Task description =>
Repeat every line from the line containing "2017-Chrysler-Pacifica-rear-interior-seats.jpg" to the end of the data, exactly. Leave the pictures out.

Information supplied =>
....

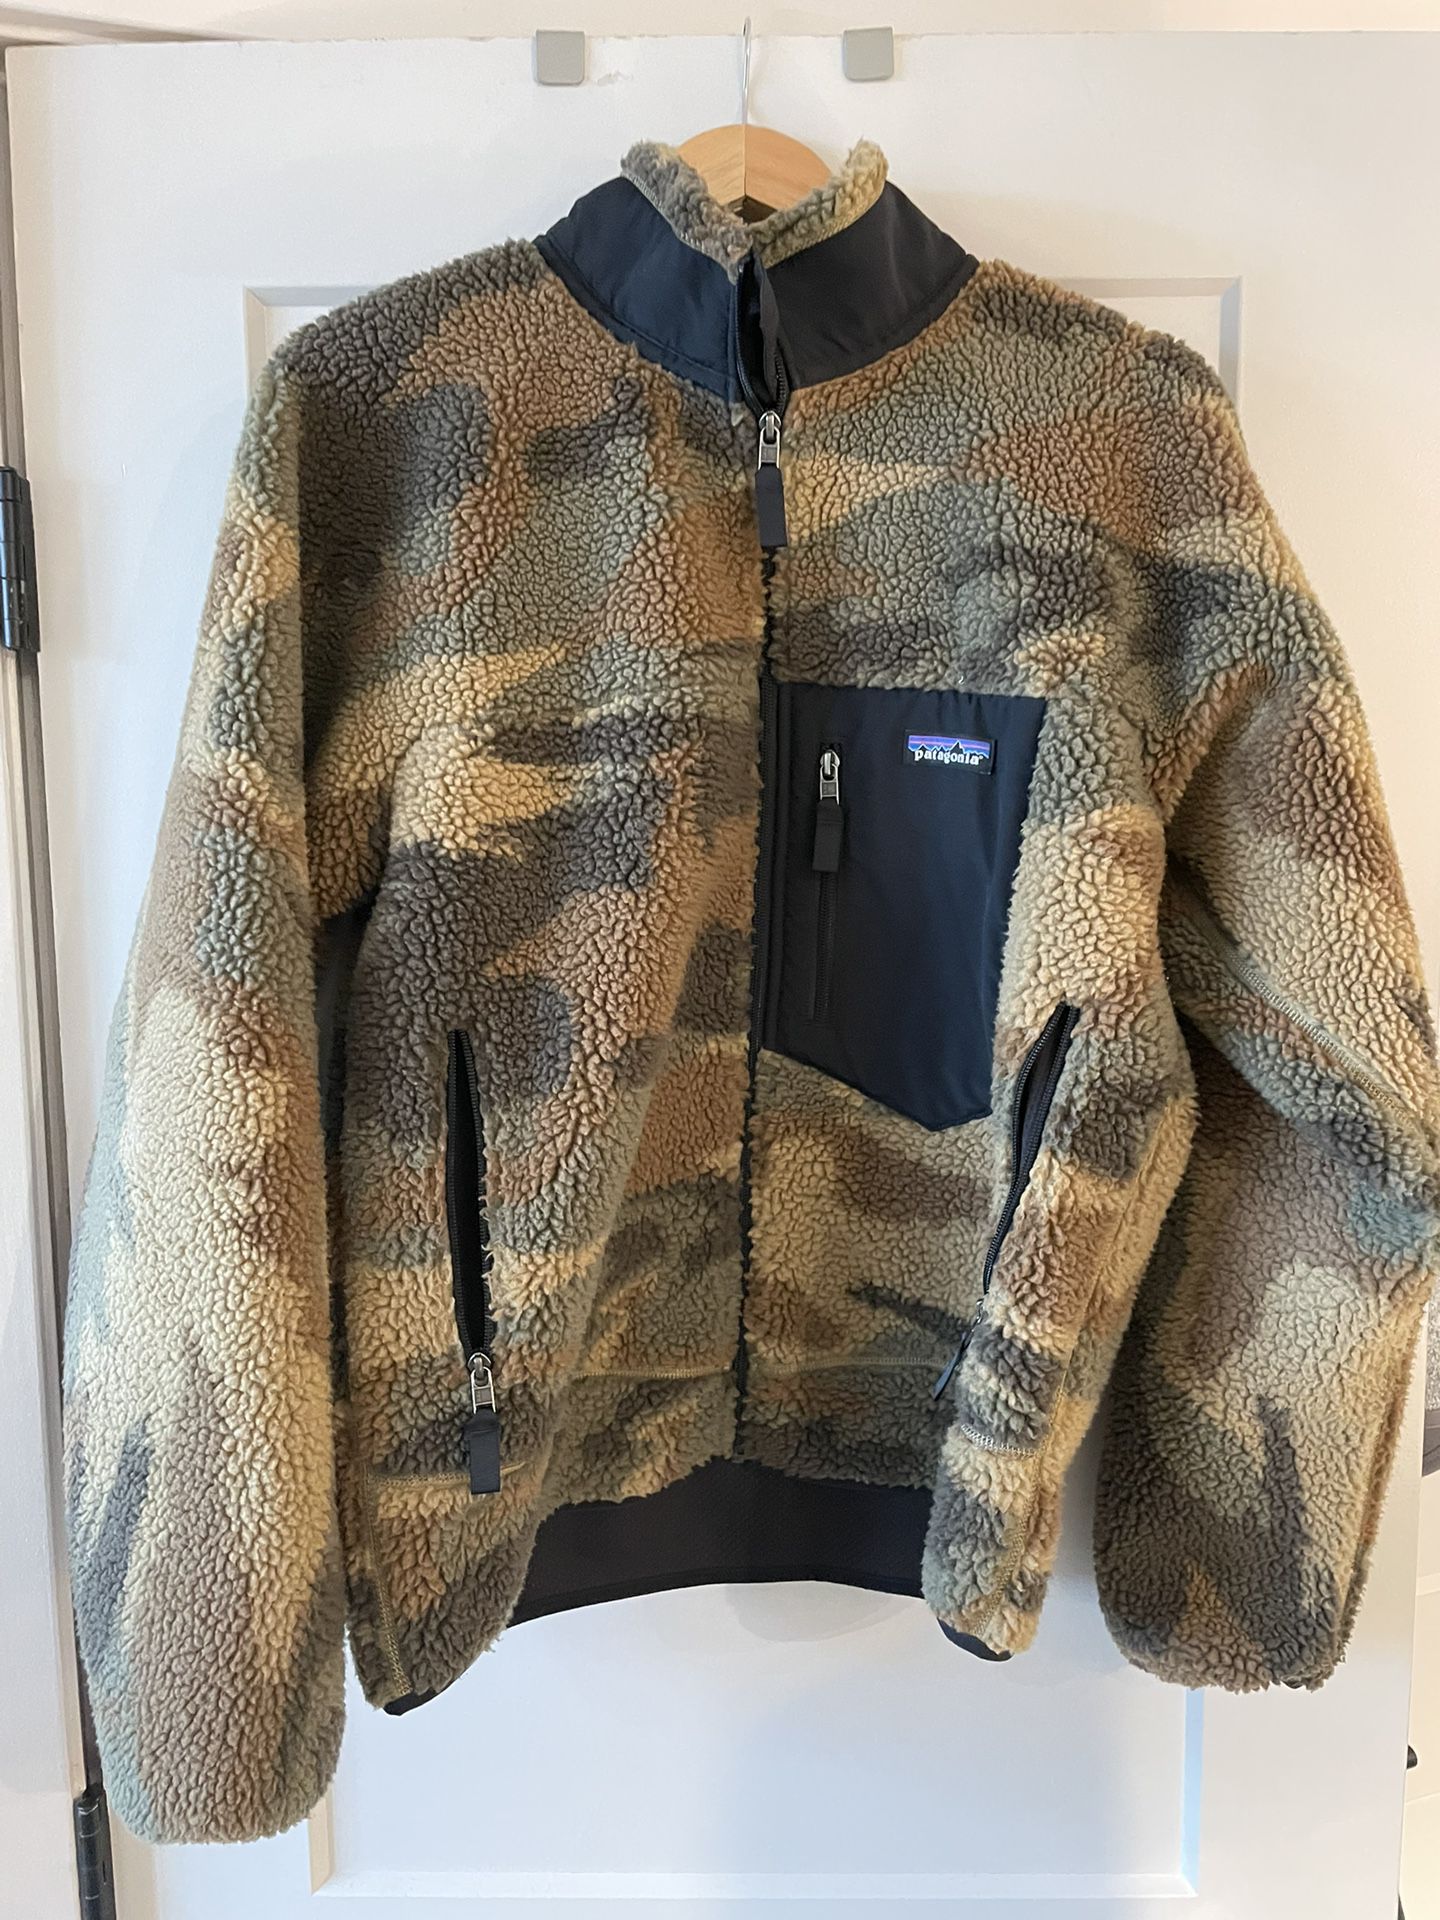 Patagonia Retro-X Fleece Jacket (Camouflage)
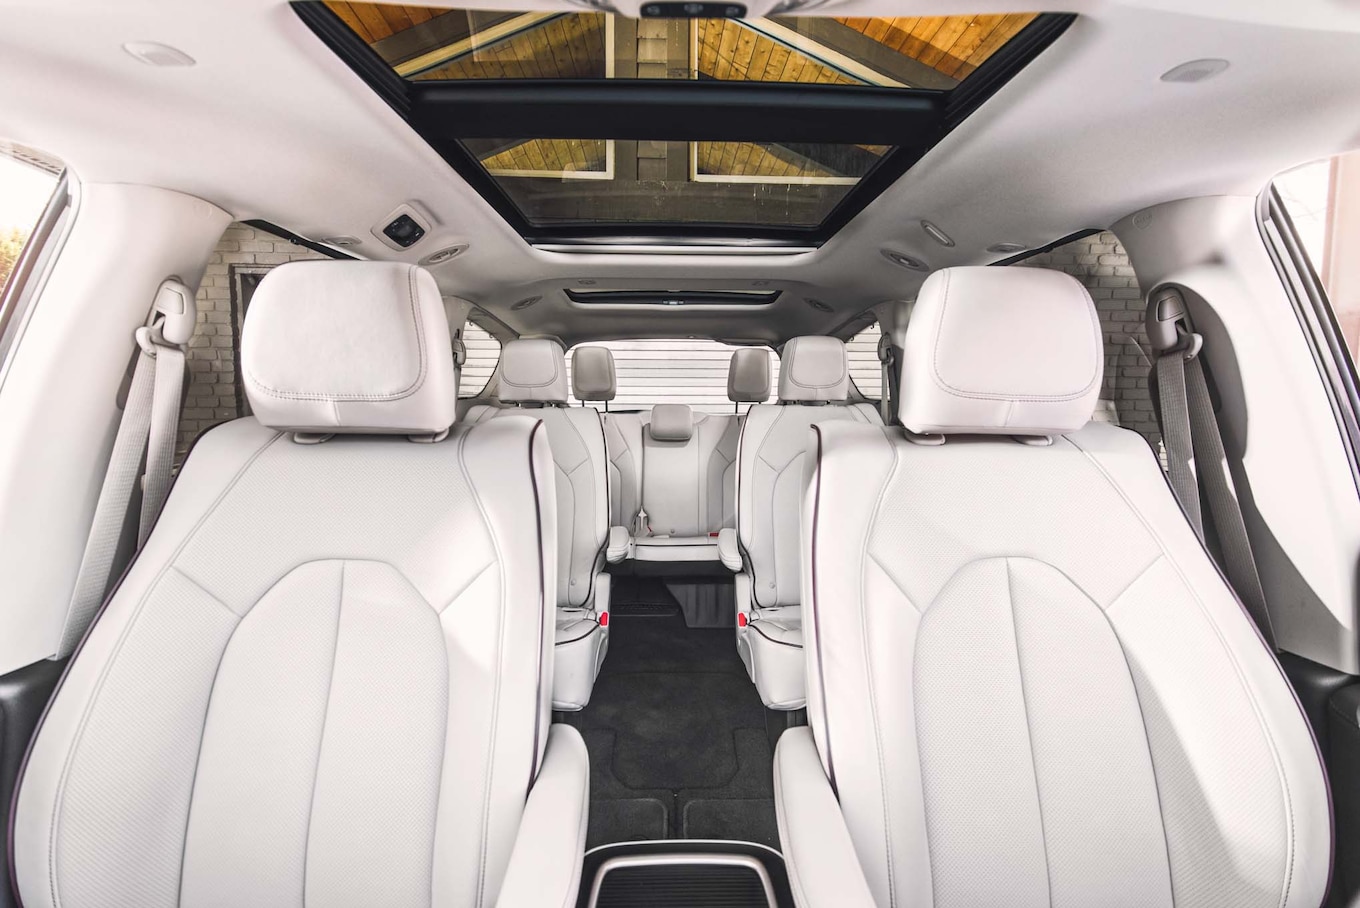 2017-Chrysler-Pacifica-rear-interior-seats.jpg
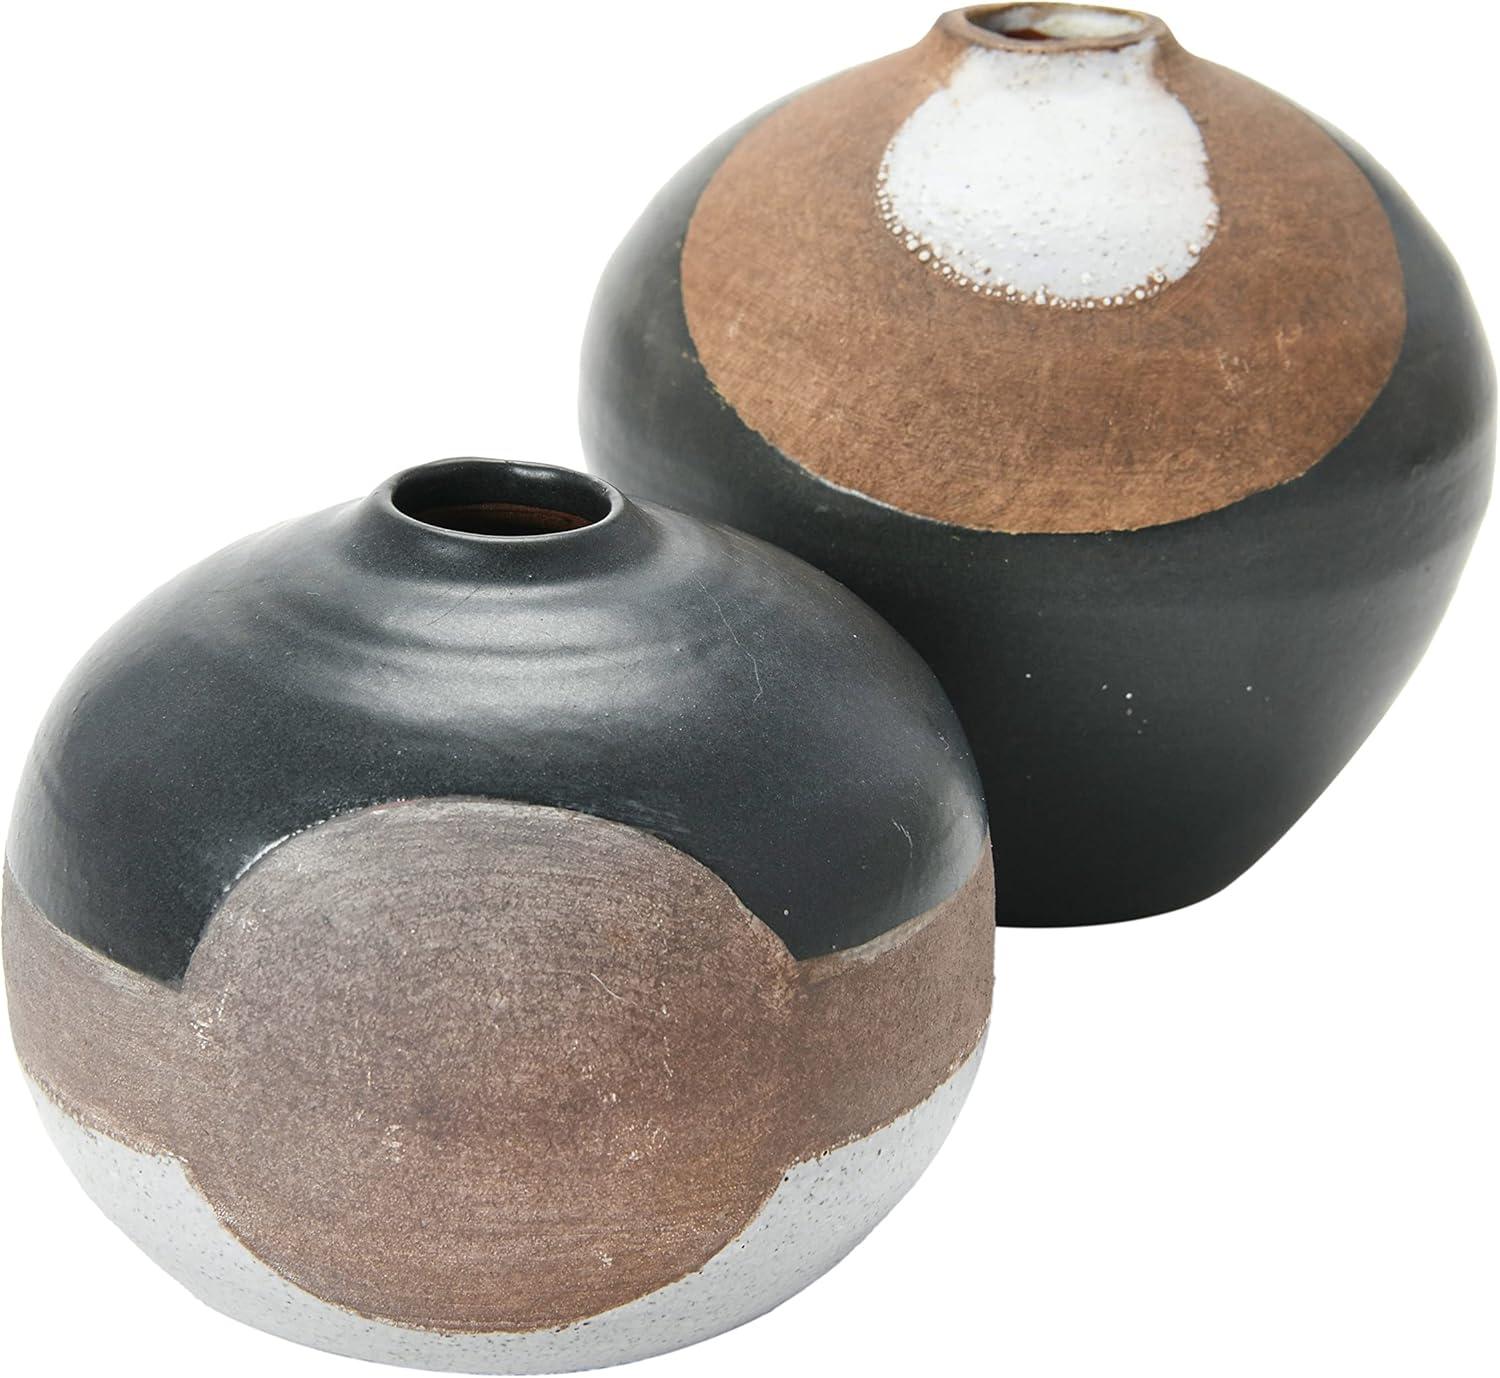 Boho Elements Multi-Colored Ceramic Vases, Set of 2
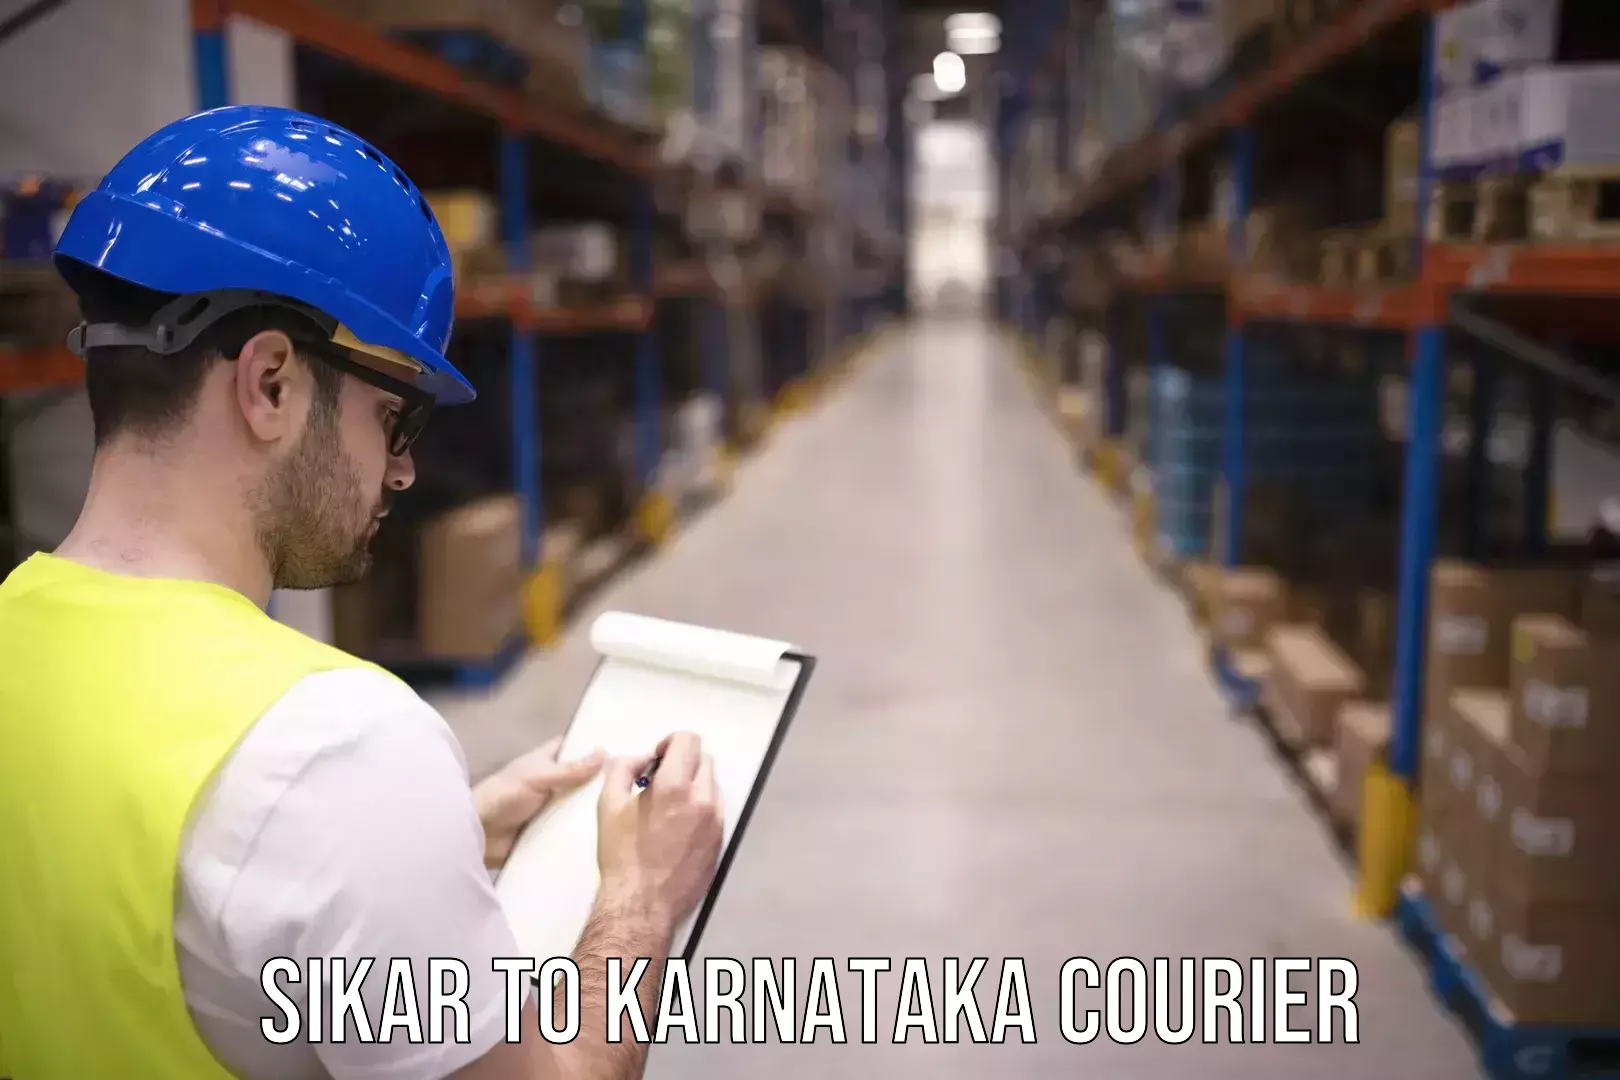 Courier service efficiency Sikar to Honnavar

....

Solution for this task =>
 2017-Chrysler-Pacifica-rear-interior-seats.jpg
 Boho Elements Multi-Colored Ceramic Vases, Set of 2
 Courier service efficiency Sikar to Honnavar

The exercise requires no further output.